Lets get into the details below:
Step 1)Create a new Amazon CloudSearch Domain: We have named the search domain as “bigdatasearch” and chose the search instance type as search.m2.2xlarge. Since we are planning to pump and query a 300 GB index with millions of document, it did not make sense for us to chose a smaller instance type of Amazon CloudSearch. Usually the base instance type can be selected based on the number and size of the documents you are planning to maintain in the Amazon CloudSearch.
Note: Here we have chosen replication count as 5. This is little strange in a distributed architecture because usually more replication count for the master decreases the speed of document upload. But when we were playing with Amazon CloudSearch we observed that it is increasing the speed of uploads. In addition we also observed the following :
- If we keep the replication count 0 or less, use a smaller search instance type and pump documents in parallel from multiple nodes, either the Amazon CloudSearch Server is failing sometimes or error rates are high.
- If we keep the replication count 0 or less , use a larger search instance type and pump documents in parallel from multiple nodes, internally Amazon Cloud Search itself is creating 3-5 nodes and it shows in the replication count. Waiting to discuss with AWS SA folks on this behavior.
We will be utilizing distributed uploading technique which we custom built using Amazon Elastic MapReduce to pump data to the Amazon CloudSearch server. This technique enables us to write more Index data in parallel.
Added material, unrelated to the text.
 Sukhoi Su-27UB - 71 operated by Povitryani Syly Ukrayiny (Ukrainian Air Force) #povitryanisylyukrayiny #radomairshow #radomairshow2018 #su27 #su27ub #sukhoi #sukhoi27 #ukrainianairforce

Step 2) Select how you would like to create the Amazon CloudSearch Schema: Here we have chosen Manual setup, since we already have schema to be migrated to Amazon CloudSearch.
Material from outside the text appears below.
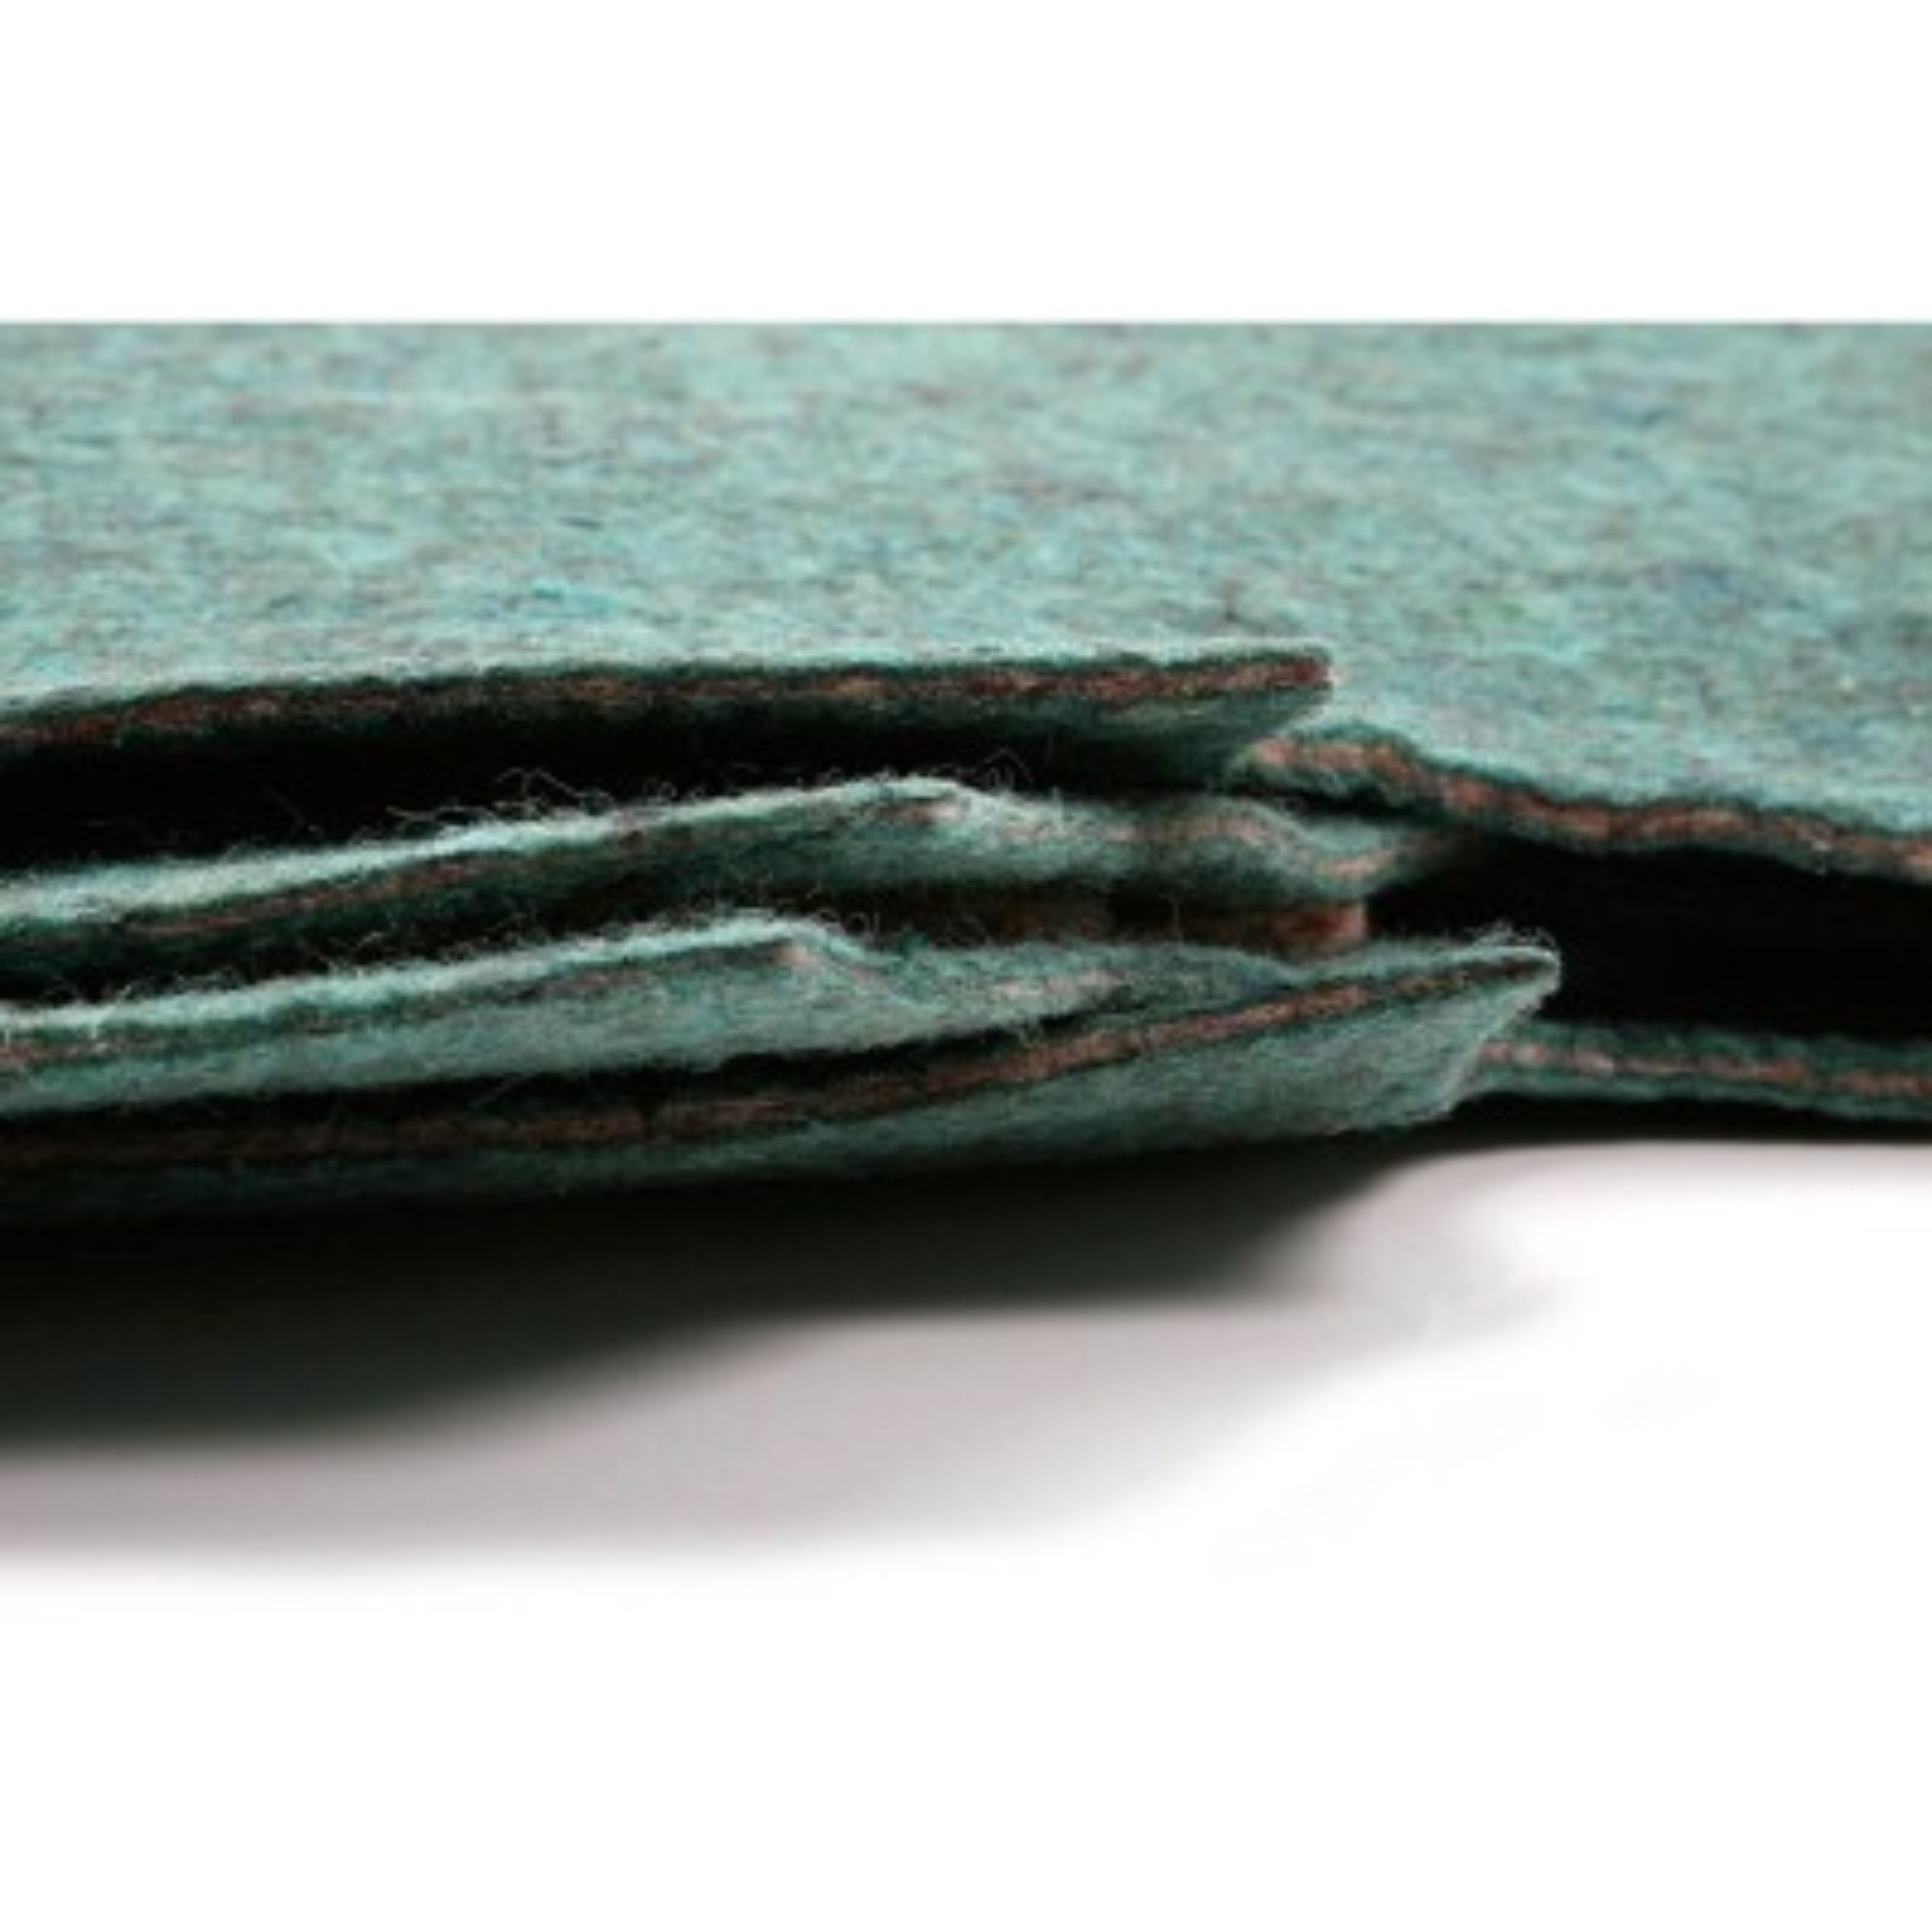 116 023 Under Carpet Sound Insulation Kit Moss Motors

We have 100+ Index fields with scaling options instance type as m2.2xlarge and replication count 5 in the “bigdatasearch” domain.
Since the volume of index data is huge (300+ GB) we have created a Custom Data Loader built on Amazon Elastic MapReduce to pump the data in parallel into Amazon CloudSearch. Since it is built on Amazon Elastic MapReduce, we can use the same program without modification for scale to upload TB’s of index into the search system with hundreds of Data loader EMR core/task nodes.